We usually use windproofs as an outer-layer; jackets and gilets, maybe gloves or windproof panels in winter tights. Morvelo has flipped this approach on its head with the Stormshield baselayer – great innovation or missing the point?
What is it?
The Stormshield baselayer is designed to be worn next to the skin and under your favourite jersey. According to Morvelo, this is to extend the life of your lovely summer jerseys for all round use.
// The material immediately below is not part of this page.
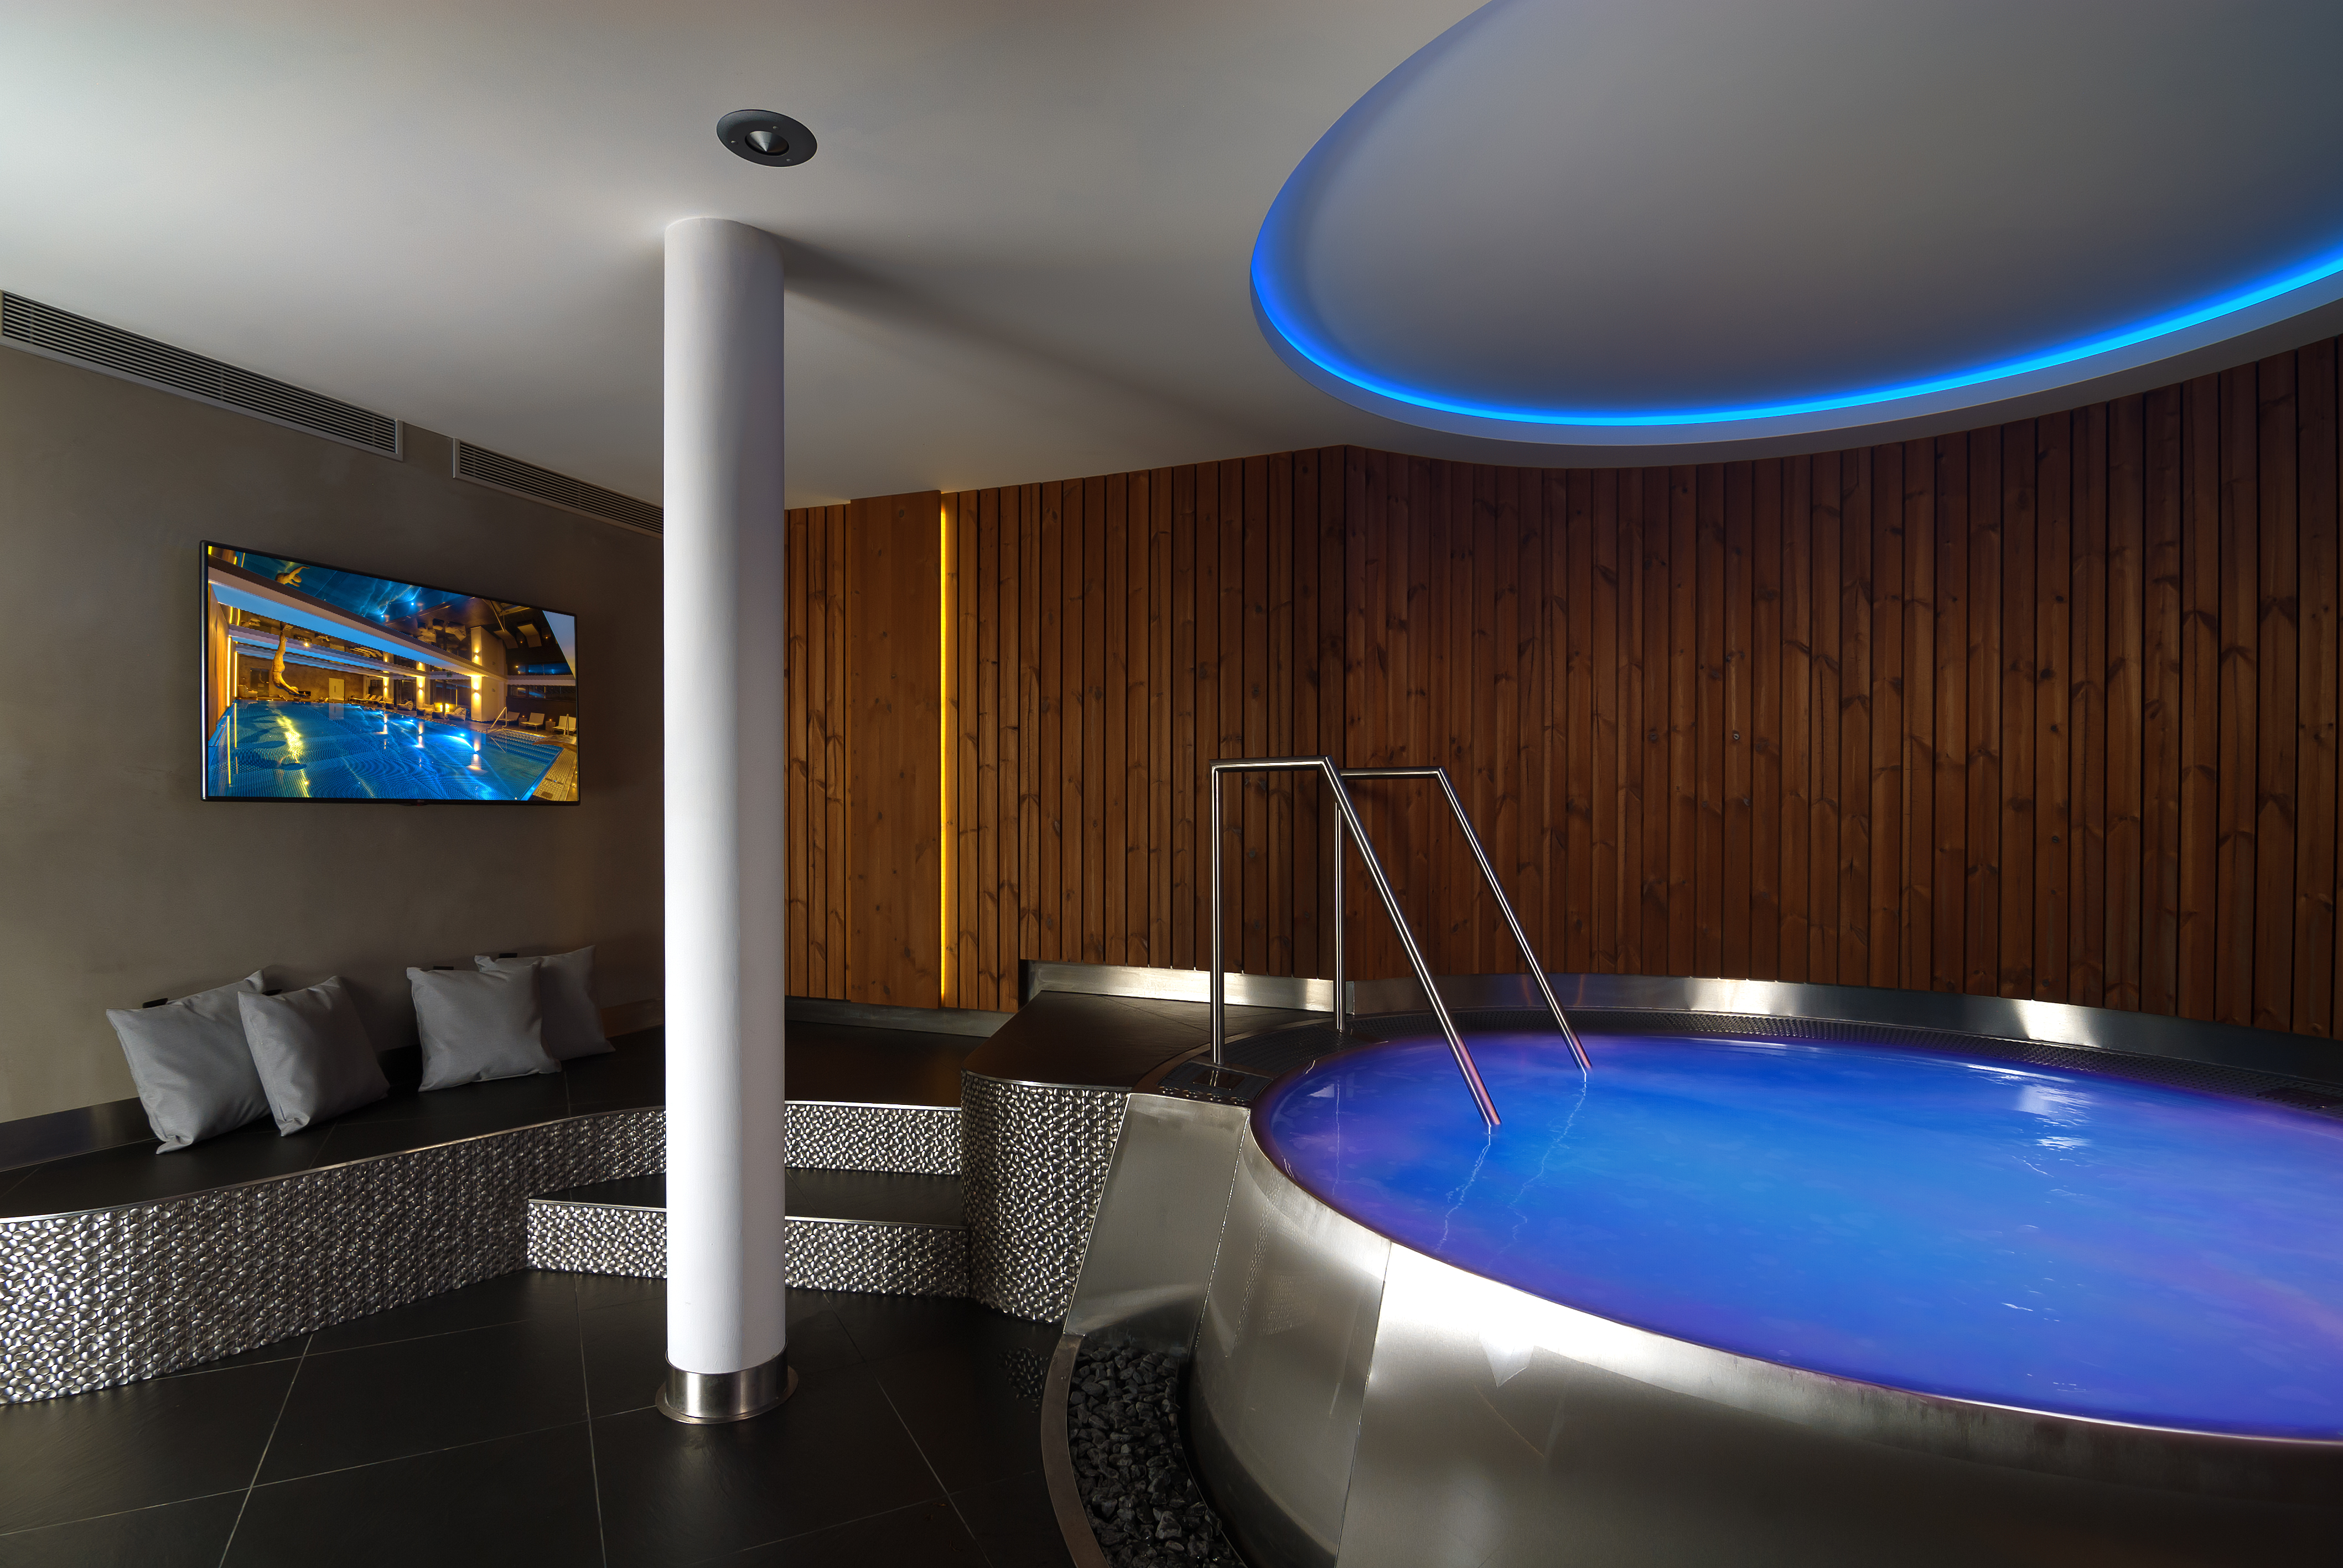 IMAGINOX luxury stainless steel hot tubE

It’s pretty feature packed:
- 100% Italian Windtex polyester with membrane
- Three layer membrane
- Water resistant
- Vislon YKK zip
- Hydrophilic mesh panels to increase the breathability
- Heat seal label
- Flatlock seams
- Body mapped for a superior fit
- Handmade in Europe
The cut is a little baggier than most baselayers, presumably because the windproof fabric isn’t quite as stretchy as more typical materials. It has a short offset zip and mid-height neck – again, I think the neck zip is more to aid to putting the top on than for mid-ride adjustment, although it does allow for a bit of cooling. Not all of the Stormshield is windproof; there are large wedges of mesh panels to help offset the less breathable Windtex material.
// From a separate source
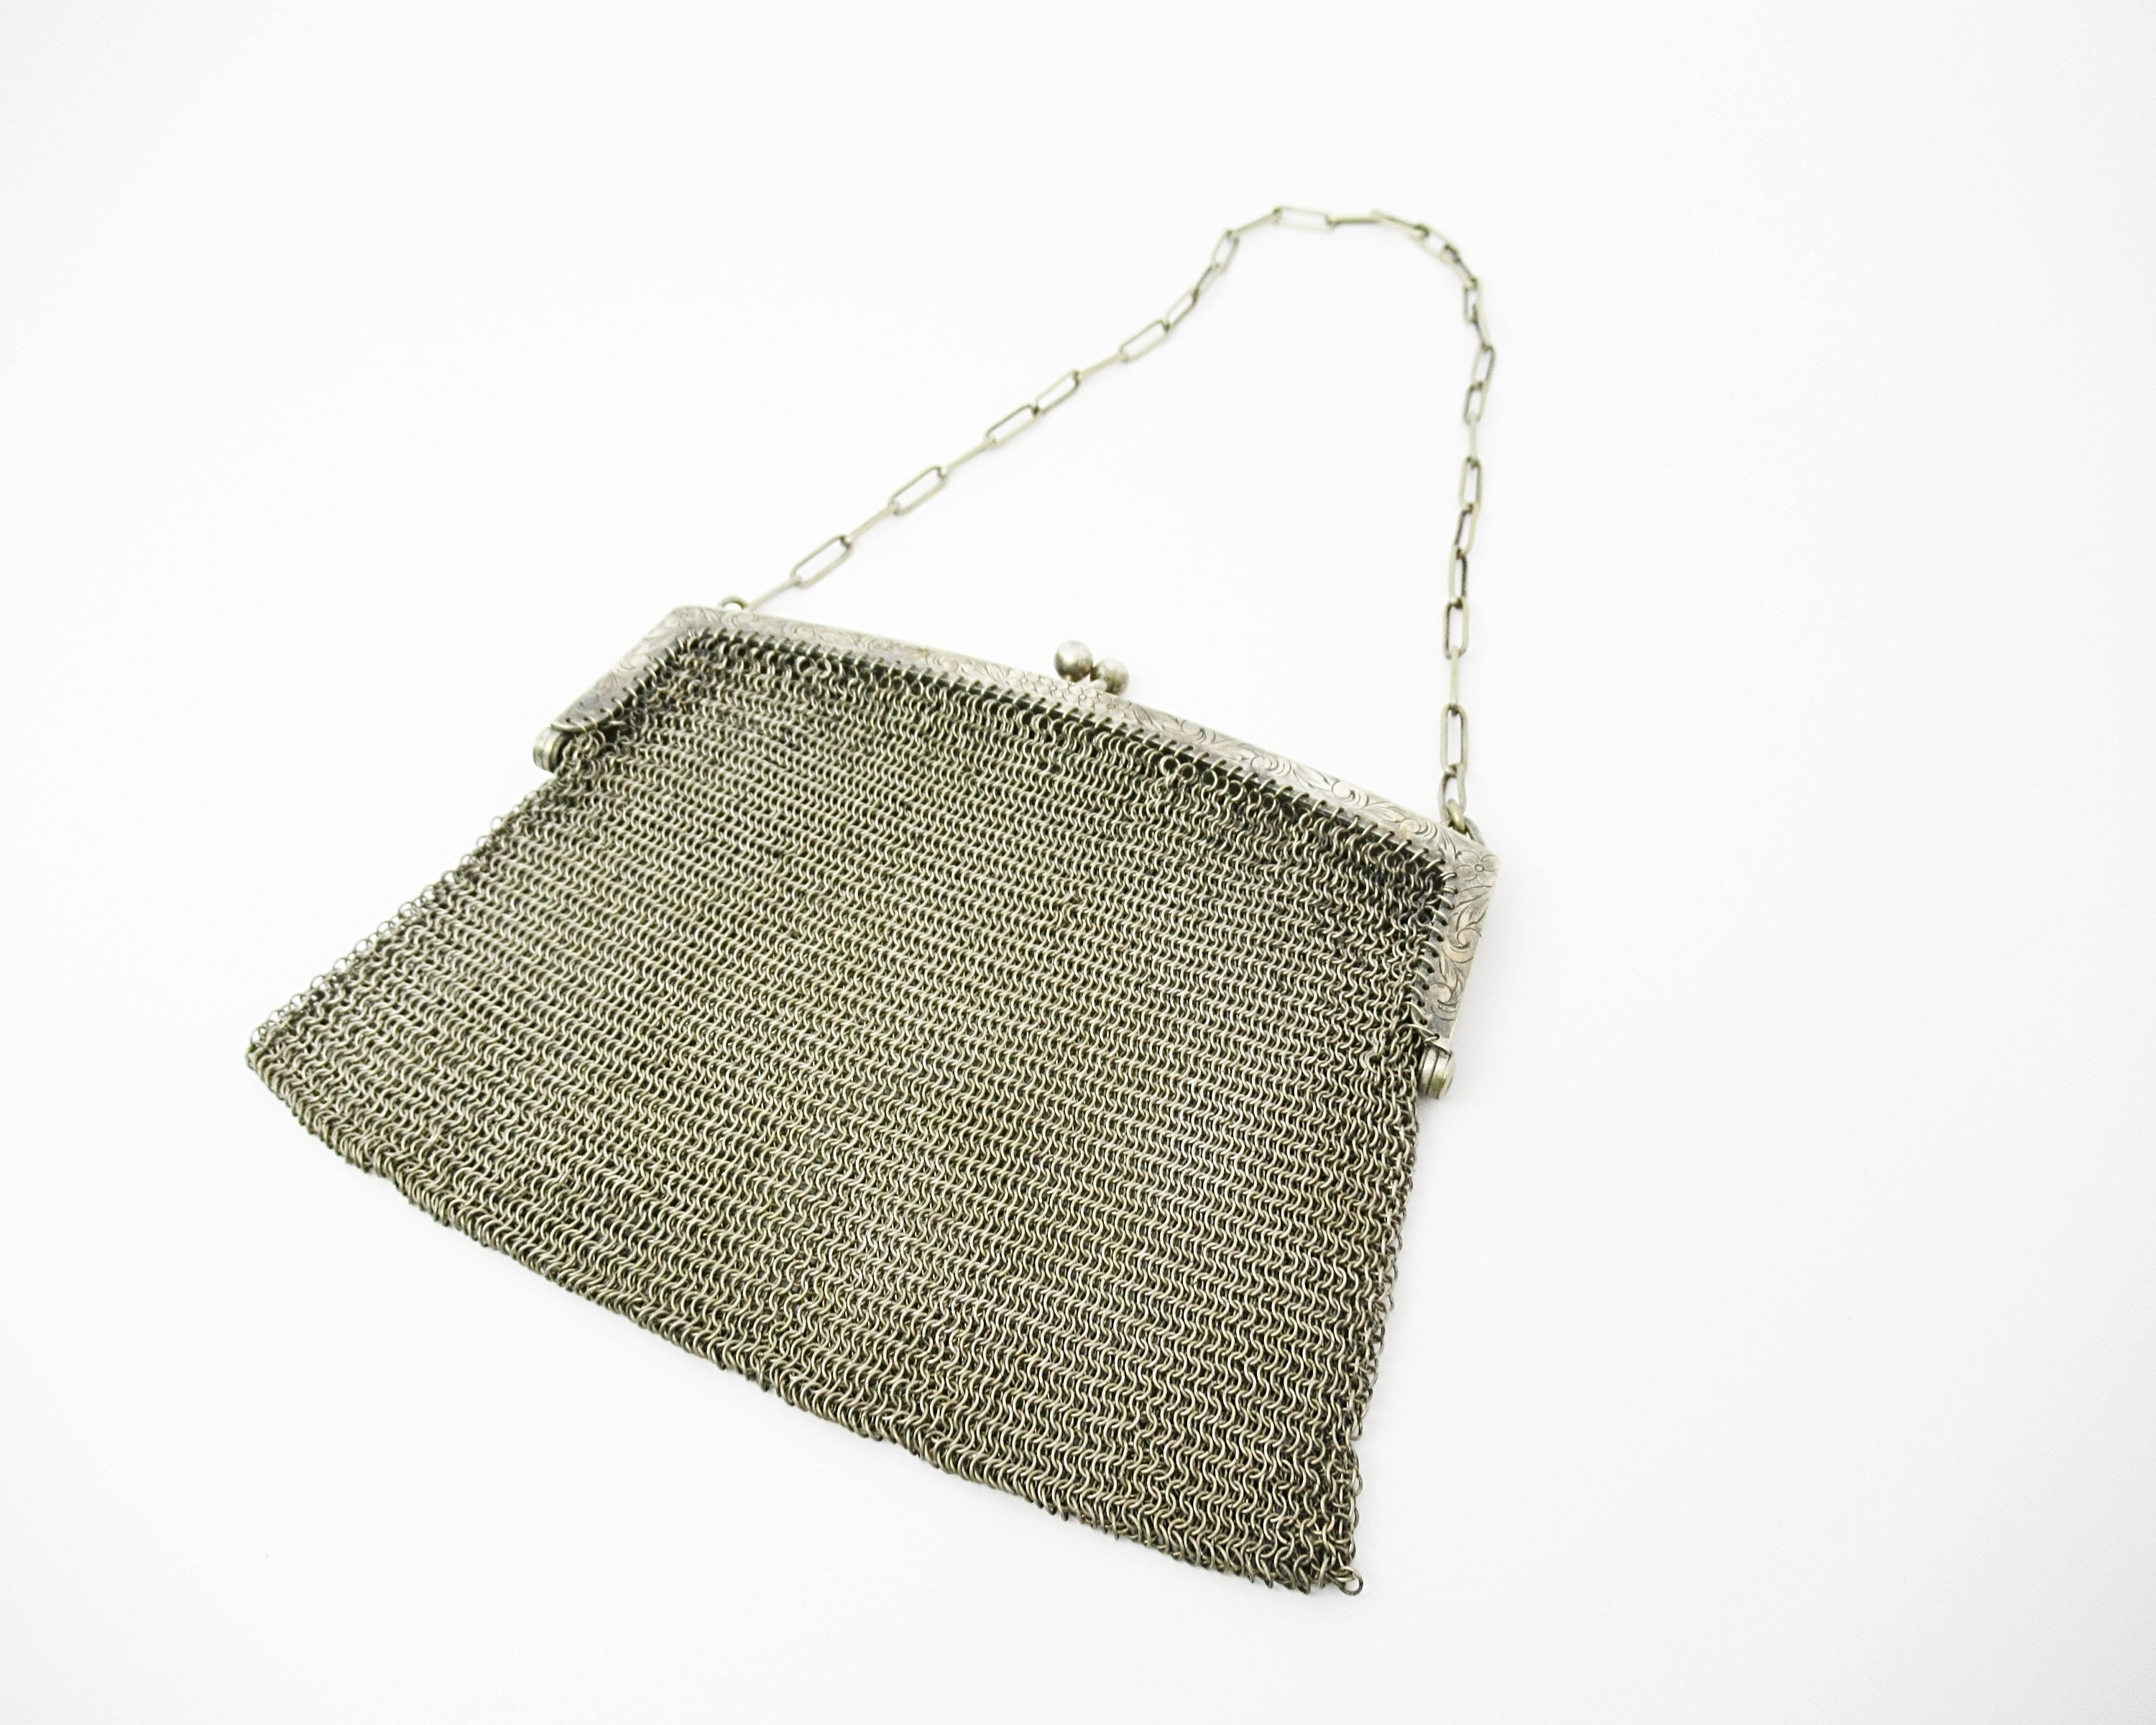 Antique German Silver Mesh Purse Handbag Art Deco Purses | Etsy

The Stormshield Baselayer has quickly become one of my most used baselayers in the last few months. It sits well underneath short and long-sleeved jerseys and adds noticeable warmth to them. Aesthetically, the higher neck stands proud of most jerseys – not a problem in itself, but this looked a little odd with some combos. It definitely does what it is meant to. On cool mornings there was noticeable windchill on my uncovered forearms versus my core. It allowed me to remain comfortable in tops that would more often have been consigned to the back of drawer until spring. Bob on? Well, mostly.
Once up to warmth and on intense rides, there isn’t the option of throwing open a zip as there would be on a gilet or a jacket. Equally, whipping the baselayer off and shoving it in a pocket is a little more revealing and time consuming than de-jacketing. It does, therefore get a bit clammy. While still moving, this isn’t a problem, but I would chill quite quickly once stopped. For this reason, the Stormshield isn’t perfect (especially as the £75 asking price is enough to buy a windproof gilet or jacket). However, if you have a favourite jersey, or a team top, or even summer-weight skin suit that you want to continue using (and not covering up) then the Stormshield ticks that box very well.
Not as versatile as a windproof gilet or jacket, but still a good piece of clothing that adds versatility to your summer wardrobe.